# Work order
Every line below must be reproduced exactly; no pictures are to be included.
Dataset records section start
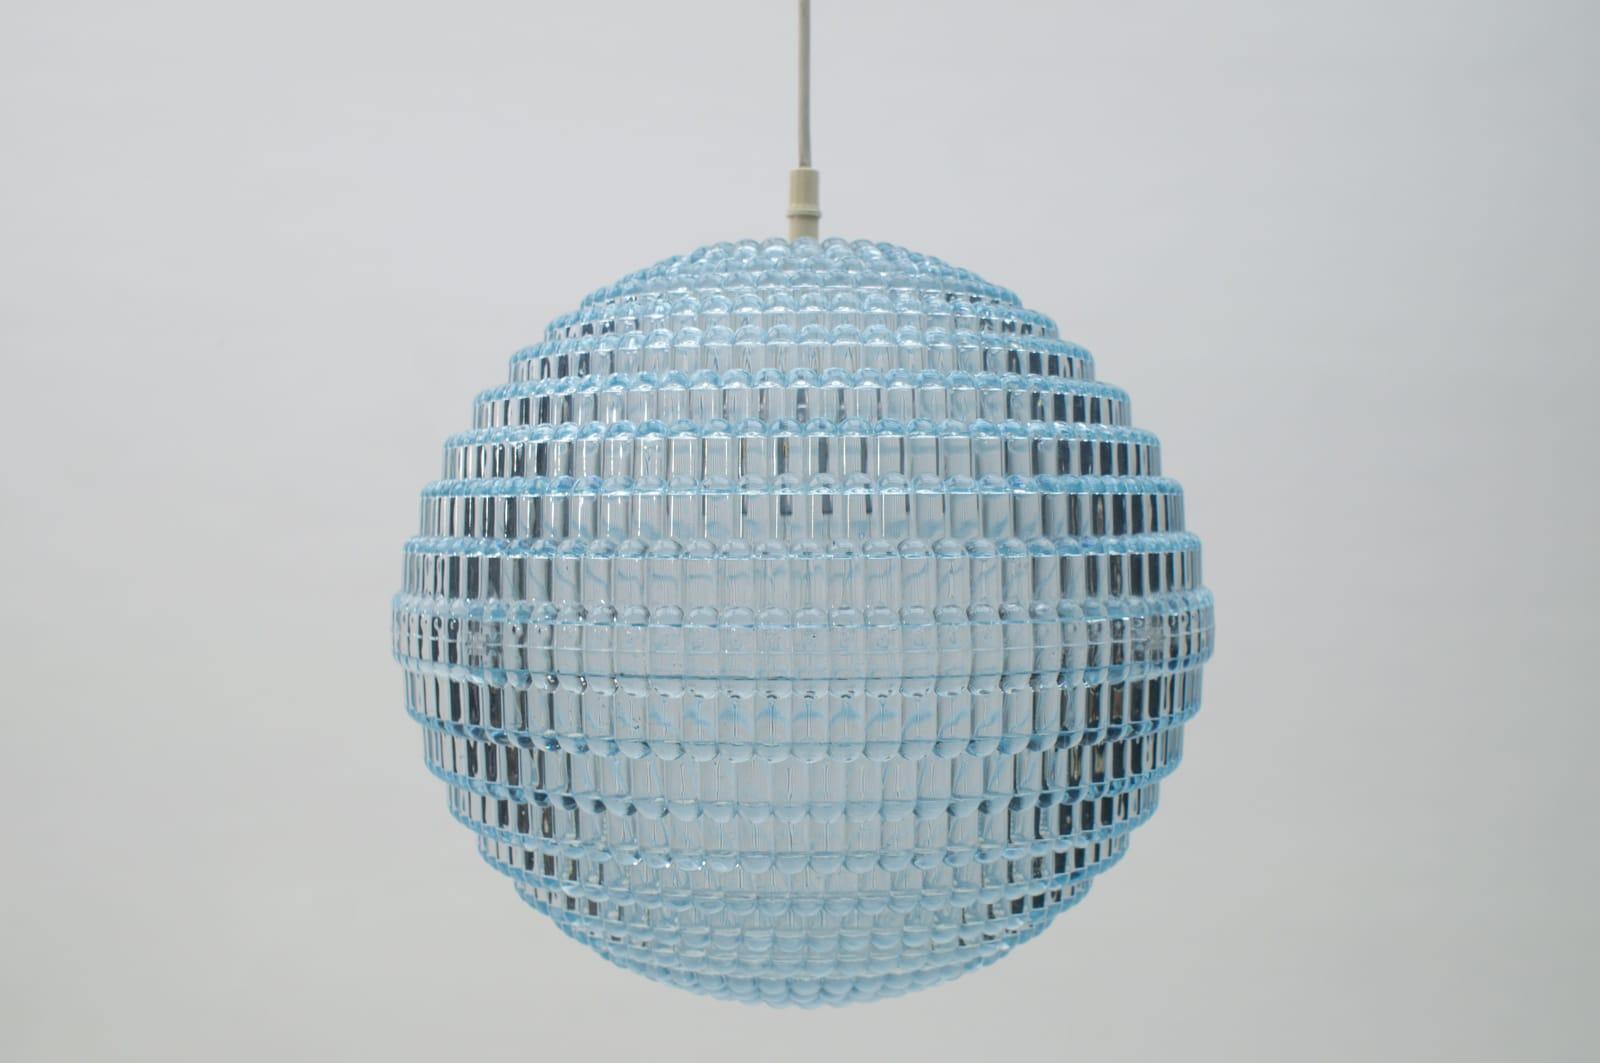 Ceiling lamp by Aloys F. Gangkofner for Erco Leuchten, Germany Lüdenscheid, 1960s.

A very rare, interesting and decorative lamp.

Fully functional.

With an E27 socket. Works with 220V and 110V.
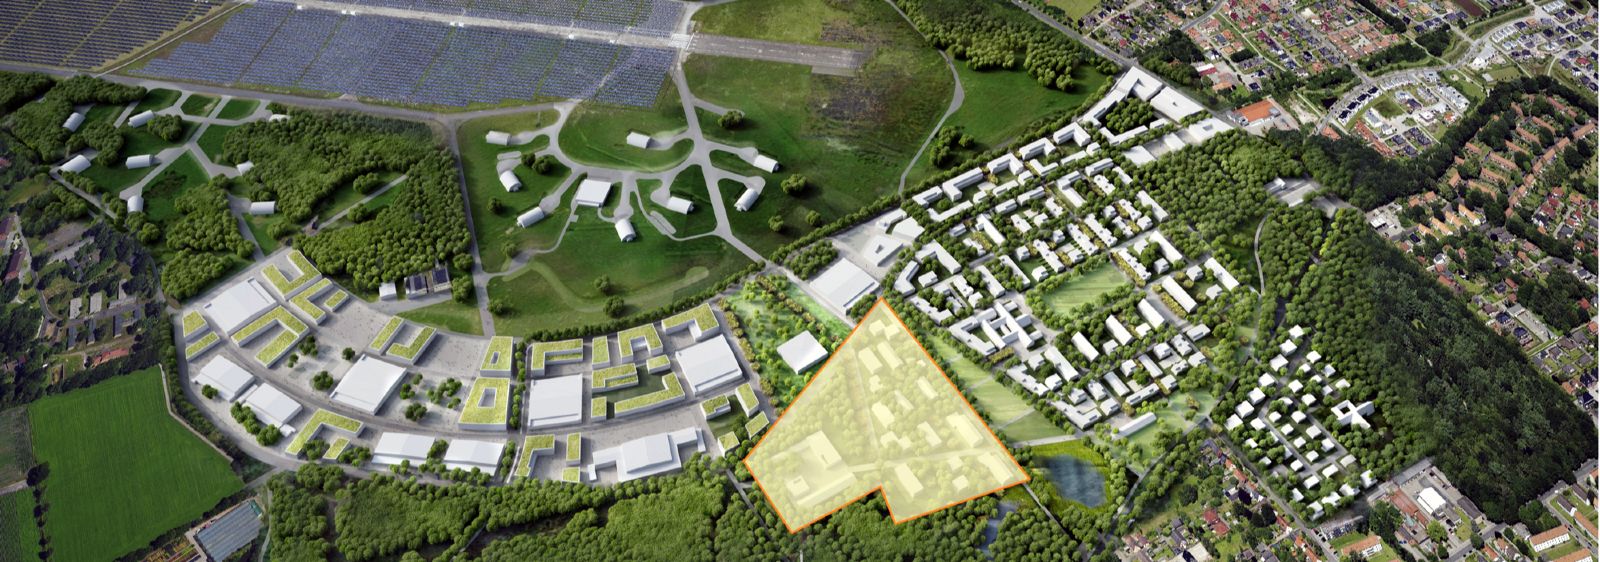 Part of the airfield in Oldenburg is being developed as a “real-world laboratory” in which the residents will predominantly meet their energy requirements from locally generated energy.
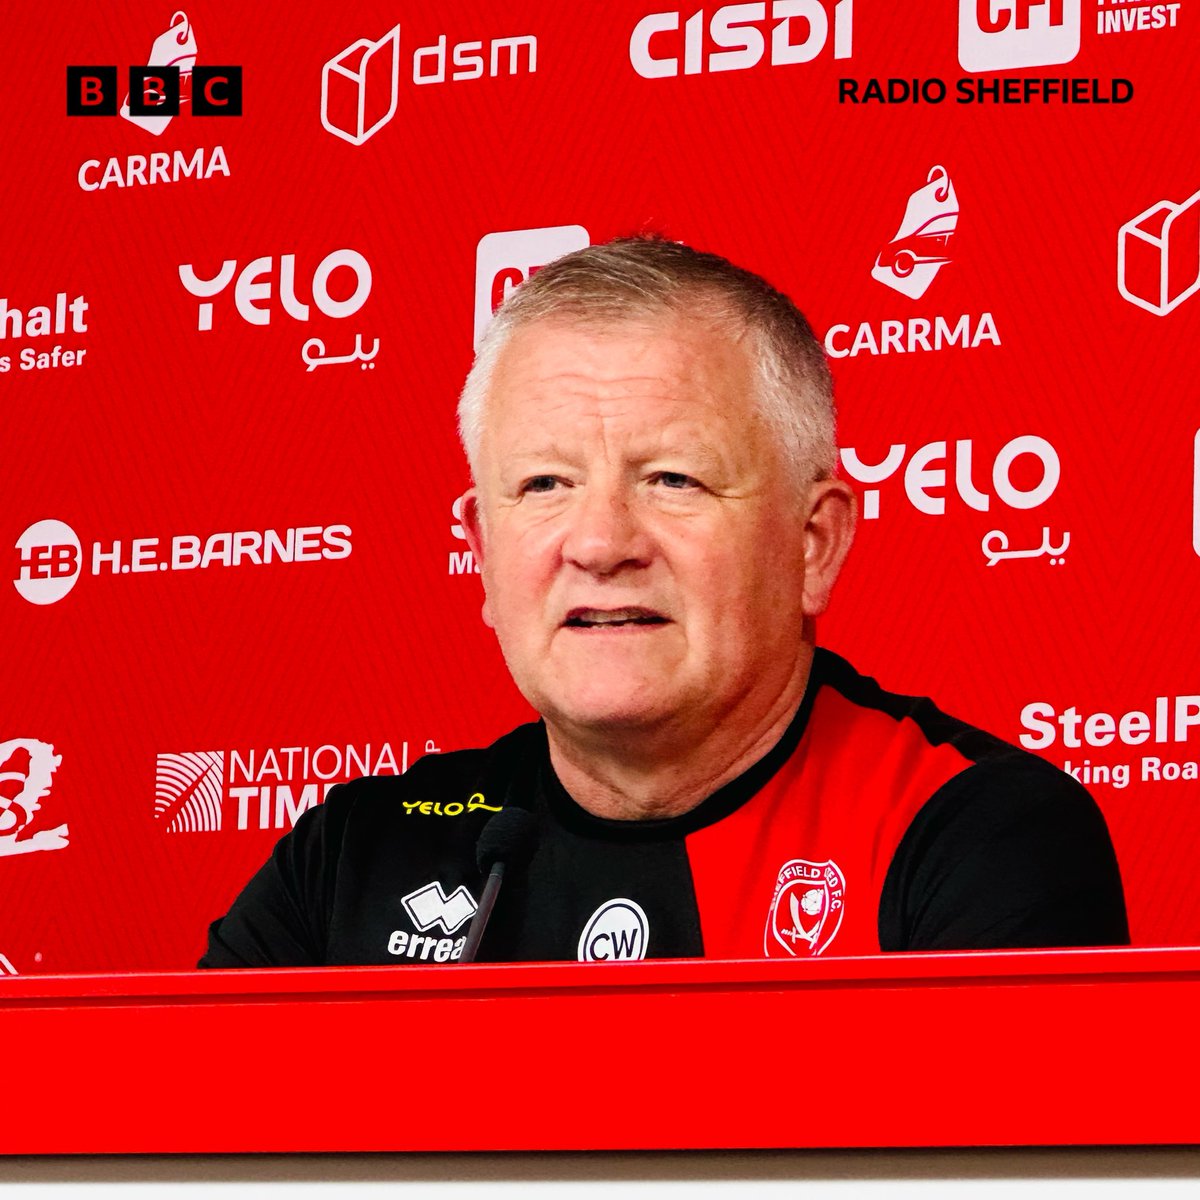 Chris Wilder says he and new recruitment team of Mike Allen & Jamie Hoyland face “one of the most important recruitment periods” at Sheffield United. Wilder spoke to the extent of the changes coming, which will be significant. Interview online shortly #SUFC
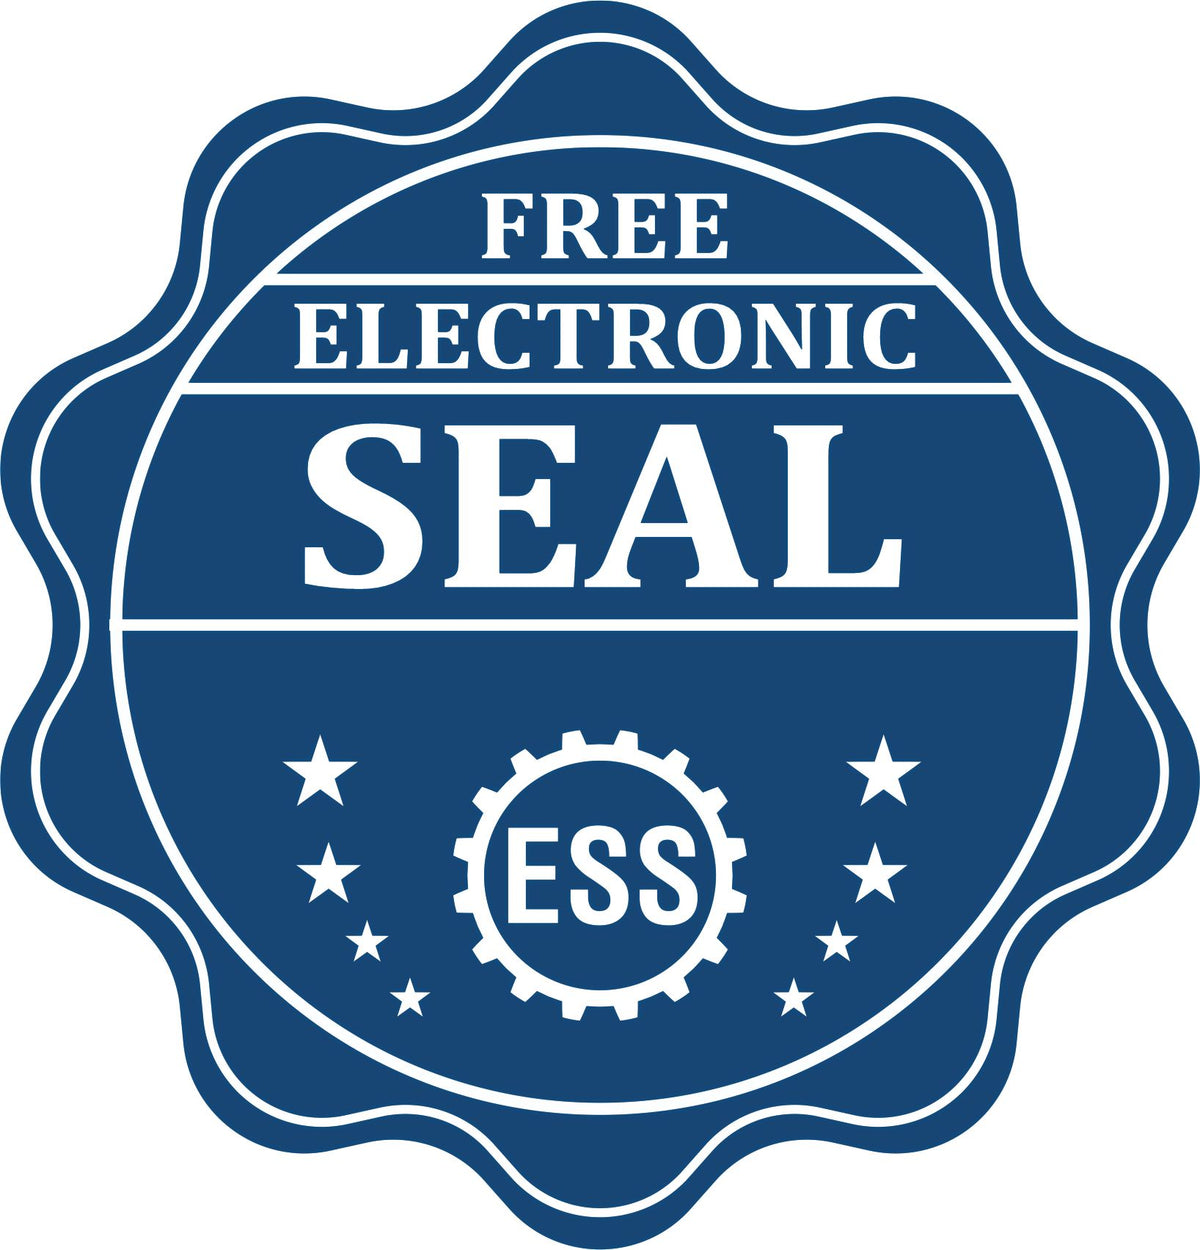 A badge showing a free electronic seal for the Extended Long Reach Kansas Surveyor Embosser with stars and the ESS gear on the emblem.
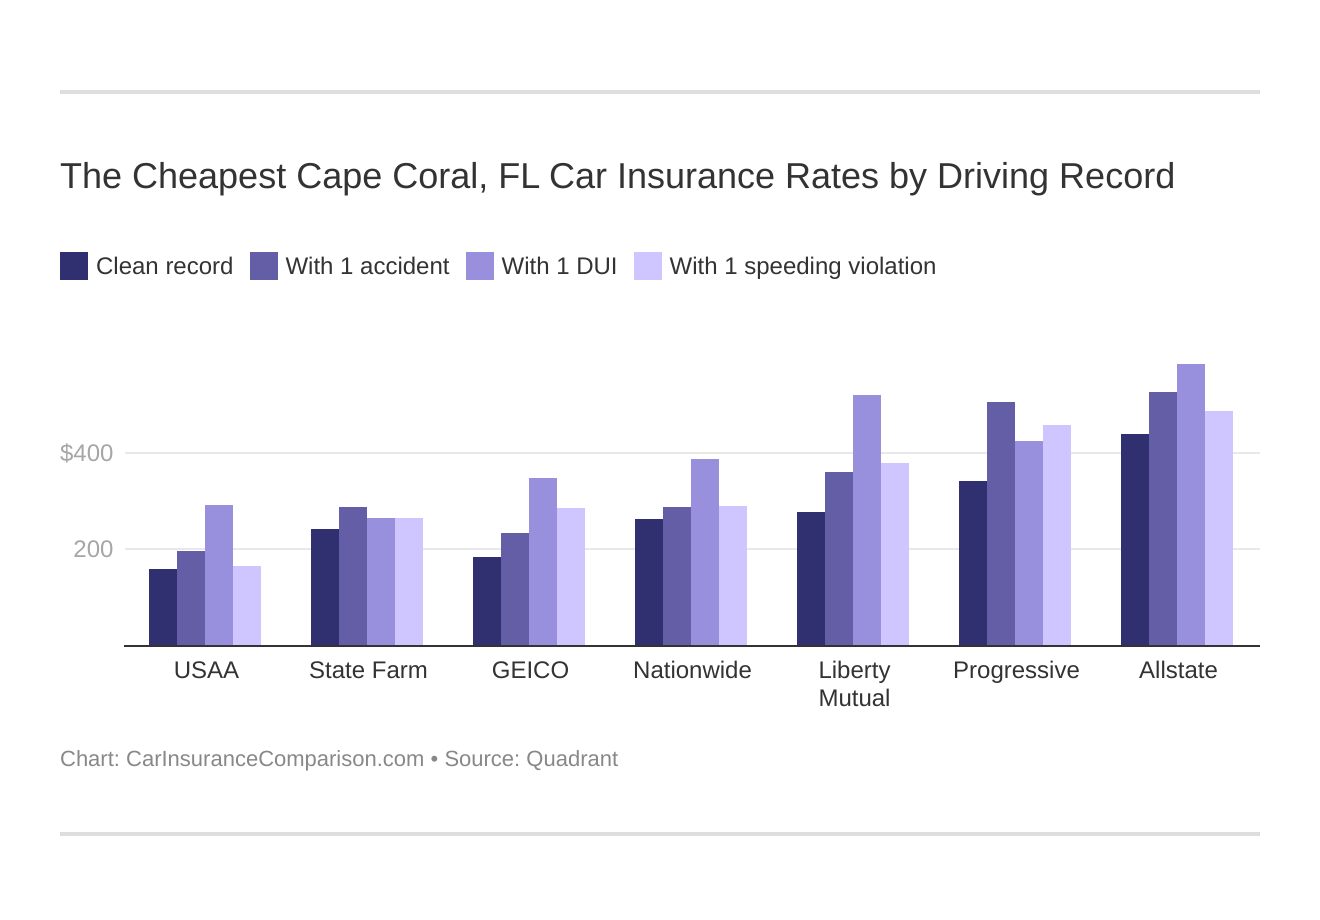 The Cheapest Cape Coral, FL Car Insurance Rates by Driving Record
Dataset records section end
# Response
 Ceiling lamp by Aloys F. Gangkofner for Erco Leuchten, Germany Lüdenscheid, 1960s.

A very rare, interesting and decorative lamp.

Fully functional.

With an E27 socket. Works with 220V and 110V.
 Part of the airfield in Oldenburg is being developed as a “real-world laboratory” in which the residents will predominantly meet their energy requirements from locally generated energy.
 Chris Wilder says he and new recruitment team of Mike Allen & Jamie Hoyland face “one of the most important recruitment periods” at Sheffield United. Wilder spoke to the extent of the changes coming, which will be significant. Interview online shortly #SUFC
 A badge showing a free electronic seal for the Extended Long Reach Kansas Surveyor Embosser with stars and the ESS gear on the emblem.
 The Cheapest Cape Coral, FL Car Insurance Rates by Driving Record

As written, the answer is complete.